Pos tells the story of “Millie Pulled a Pistol on Santa” in first person. A girl named Millie, her father Dillon, a respected social worker in the community who’s raping her at home. Trugoy takes the second verse and plays the friend who won’t believe her. Tells Millie to stop looking so upset, praises her father, calls Dillon cool. When Millie tries to say what’s happening he waves it off. She asks for a gun. He won’t give her one. Millie walks into Macy’s where Dillon is playing Santa Claus and shoots him dead in front of the children.
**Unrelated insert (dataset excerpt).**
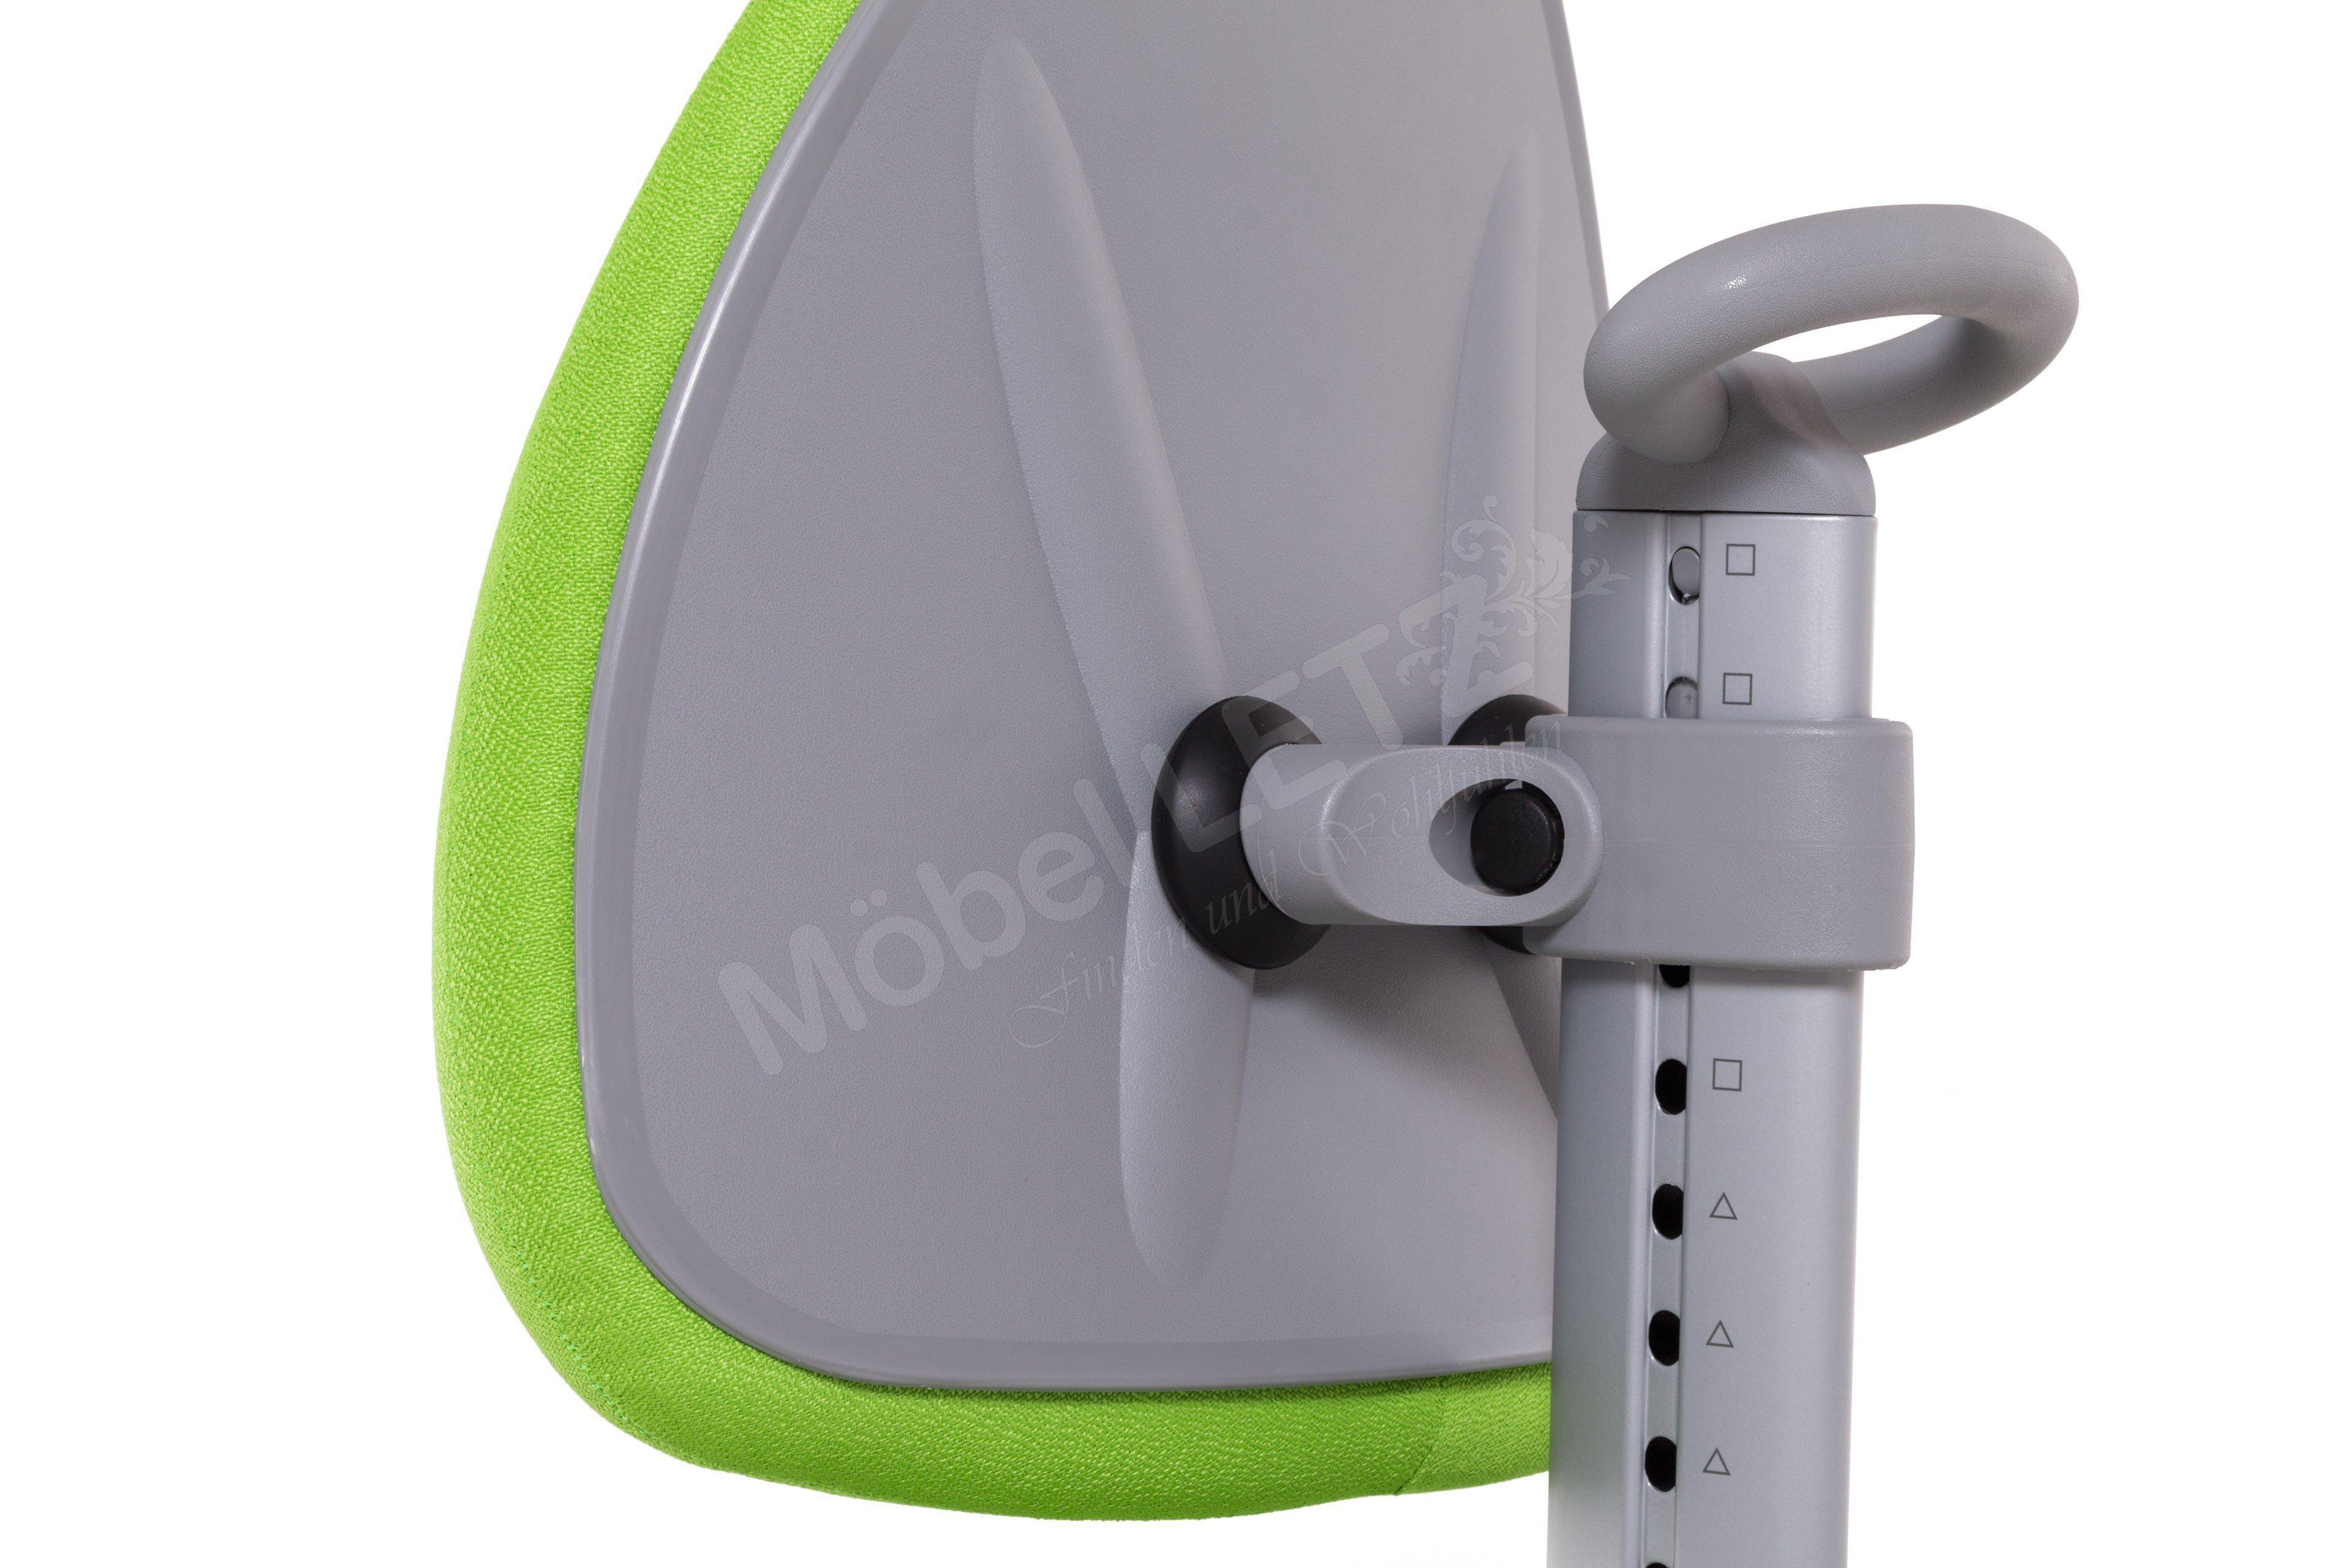 Kinderschreibtischstuhl grün  Maximo moll Drehstuhl Kinder grün grau | Möbel Letz - Ihr Online-Shop

A Funkadelic sample from “I’ll Stay” and Melvin Bliss’s “Synthetic Substitution” on drums sit warm and loose-limbed below all of it. The groove sounds like a Saturday afternoon. The lyrics are about a girl shooting her rapist father in a Macy’s. David Jolicoeur, the man behind Trugoy, died of congestive heart failure in early 2023, at fifty-four. Weeks later De La Soul’s music showed up on streaming for the first time. The voice that played the friend who failed Millie was gone before most people could hear the track on their phones.
After 3 Feet High blew up, people wouldn’t leave them alone. Aspiring rappers called constantly, showed up at their doors, cornered them on the street with demo tapes. Pos said they really couldn’t deal with being bothered at that point. One especially persistent fan, Miles Tackett (who later founded Breakestra), bugged them so hard he ended up in the subtitle of “Ring Ring Ring (Ha Ha Hey)”: “demo tapes by the miles.” That track rode a funk groove built on samples from the Whatnauts, the Honey Drippers, and Curiosity Killed the Cat all the way to the top ten in half a dozen European countries. The Arsenio thing still stung, too. On “Pass the Plugs,” Pos raps “Arsenio dissed us but the crowd kept clapping” and Prince Paul steps up to spit his own bars over a flip of the J.B.’s “Pass the Peas,” calling out Tommy Boy and the whole machinery of expectation by name.
Prince Paul programmed nearly a hundred samples across these tracks using the same Akai S-900, Emu SP-12, and Casio SK-5 he’d relied on for 3 Feet High. He told interviewers the equipment was limited, that the limitation was the whole beauty—you had to program a certain way because the machines couldn’t do what you wanted fast enough. Tommy Boy gave them more rope after the debut’s commercial success, let them call the shots at Calliope Studios. But this was late-era sample freedom and nobody knew it yet. The Turtles had already sued over the “Transmitting Live from Mars” flip, costing the label $1.7 million, and the Grand Upright Music v. Warner Bros. decision later that same year drew a legal line through everything. Paul said they got a little smarter about who they sampled but didn’t pull back on density. He used tap-dancing sounds on “Pease Porridge,” put Funkadelic under a child’s murder on “Millie,” flipped Genesis into a satirical metal blast on “Who Do U Worship?,” and scattered Tom Waits and ELO and Lafayette Afro Rock Band across the rest. You can’t make albums this way anymore, and the legal climate killed it within months of this one’s release.